Prices are firm because California’s small-kernel inventory is tight, Spain lost orchards to hail, Australia expects a 10-20 % production drop, and buyers are front-loading purchases before the EU’s 25 % tariff on U.S. almonds takes effect on 1 December 2025.
2. How will the new EU tariff affect U.S. almond imports?
If the 25 % duty starts in December, European importers will pay roughly an extra $2.50 per kilo on U.S. Nonpareil. Many processors are already accelerating shipments to beat the deadline, which could cause a pre-tariff volume spike and a Q1 2026 lull.
3. What is the USDA’s 2025 almond crop forecast for California?
The USDA’s May subjective estimate pegs the 2025 California almond crop at 2.8 billion pounds—about 2.6 % larger than 2024—thanks to slightly higher bearing acres and yields of 2,010 lbs per acre.
4. Will Australia run out of exportable almonds this season?

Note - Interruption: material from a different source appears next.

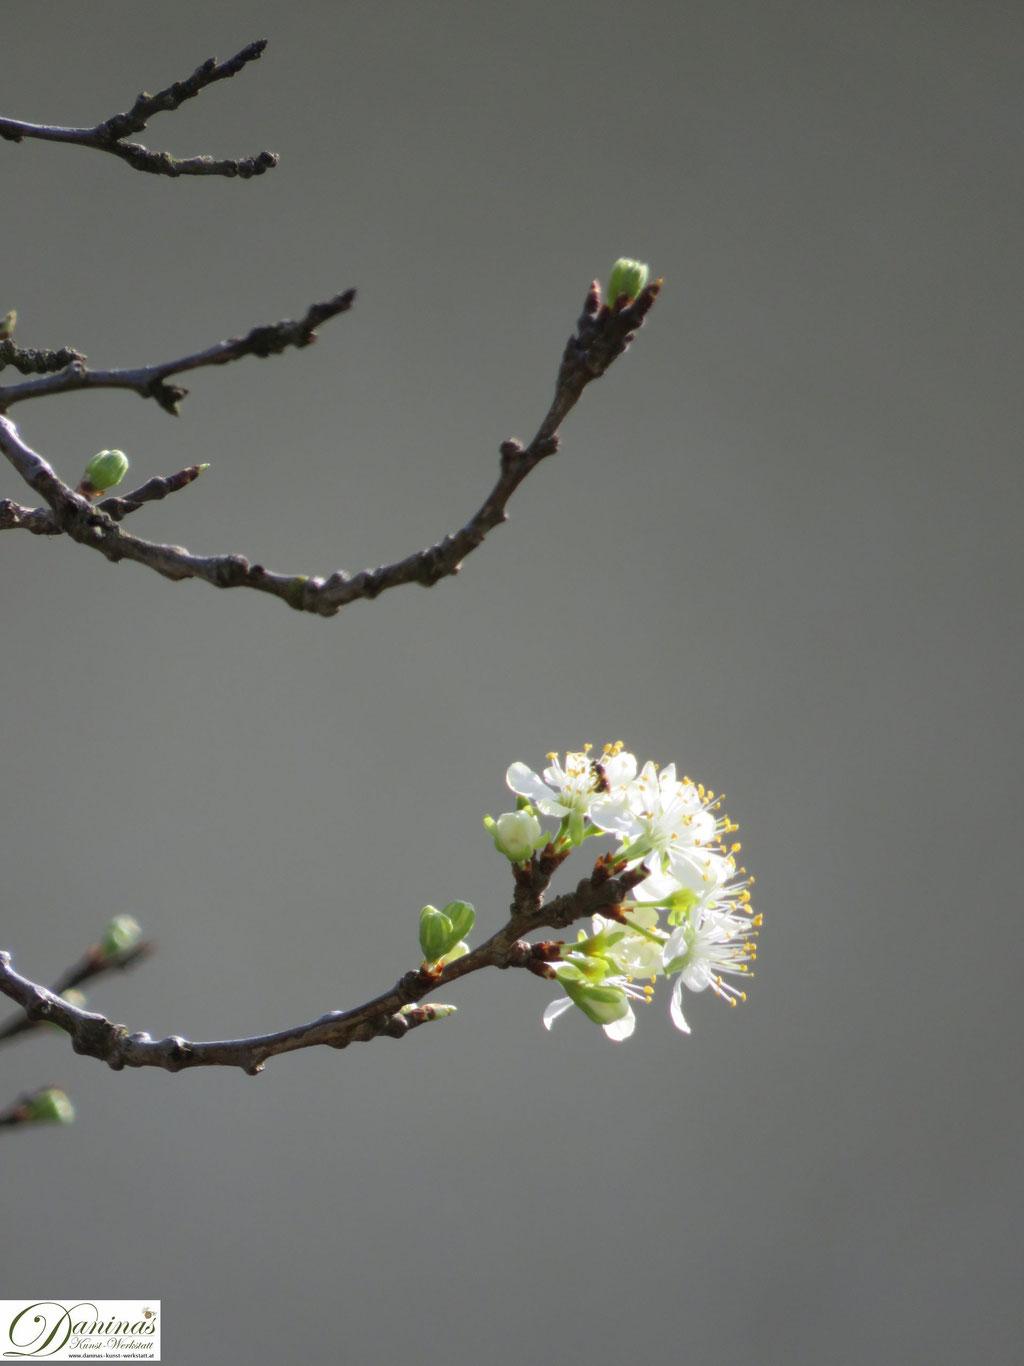 Pflaumenbaum (Zwetschkenbaum) - erste Blüten im Frühling

Possibly. With carry-over stocks slashed to just 4,000 t and a weather-hit crop of as little as 125,000 t, Australian handlers warn that marketable inventory could vanish by early 2026 if demand from China and India stays strong.
5. Which countries are buying the most almonds in 2025?
India remains the world’s top importer, taking over 300 million lbs from California. Western Europe, the UAE, Saudi Arabia and Turkey are close behind, while China is tentatively restocking after a temporary U.S.–China tariff truce reduced duties to 10 %.
6. What are current spot prices for popular almond grades?
Mid-May indications: California Nonpareil SSR 27/30 at ≈ $10.40/kg, Spanish Guara 12/14 at ≈ $6.65/kg, Australian Nonpareil around $8.25/kg CFR China, and Iranian Mamra grade A over $12.20/kg due to border delays and wedding-season demand.
7. When is almond harvest season in each origin?
Australia harvests February–April; Spain and California shake trees August–October; Iran, Turkey and much of the Mediterranean pick in September. This staggered calendar spreads supply risk but also means weather scares hit the market year-round.
8. How can buyers hedge almond price volatility?
Diversify origin mix (e.g., add Spanish and Australian kernels), negotiate long-term contracts before tariffs start, monitor U.S. crop estimates (July Objective Report), and watch currency moves—particularly the USD/EUR—because a weaker dollar tempers price spikes in Europe.
9. What quality issues should importers watch in 2025?
California’s abandoned orchards may raise navel orangeworm pressure; Australia reports low kernel moisture and weight after extreme heat; Spain’s rain-fed plots risk aflatoxin if late-season storms persist. Request up-to-date lab tests with each lot.
10. Could geopolitical events disrupt almond flows again?
Yes. Any reversal of the U.S.–China tariff pause, further India-Pakistan border tension affecting Afghan Mamra transit, or delayed EU-U.S. trade talks could jolt freight lanes and prices. Staying alert to policy headlines is as critical as tracking weather forecasts.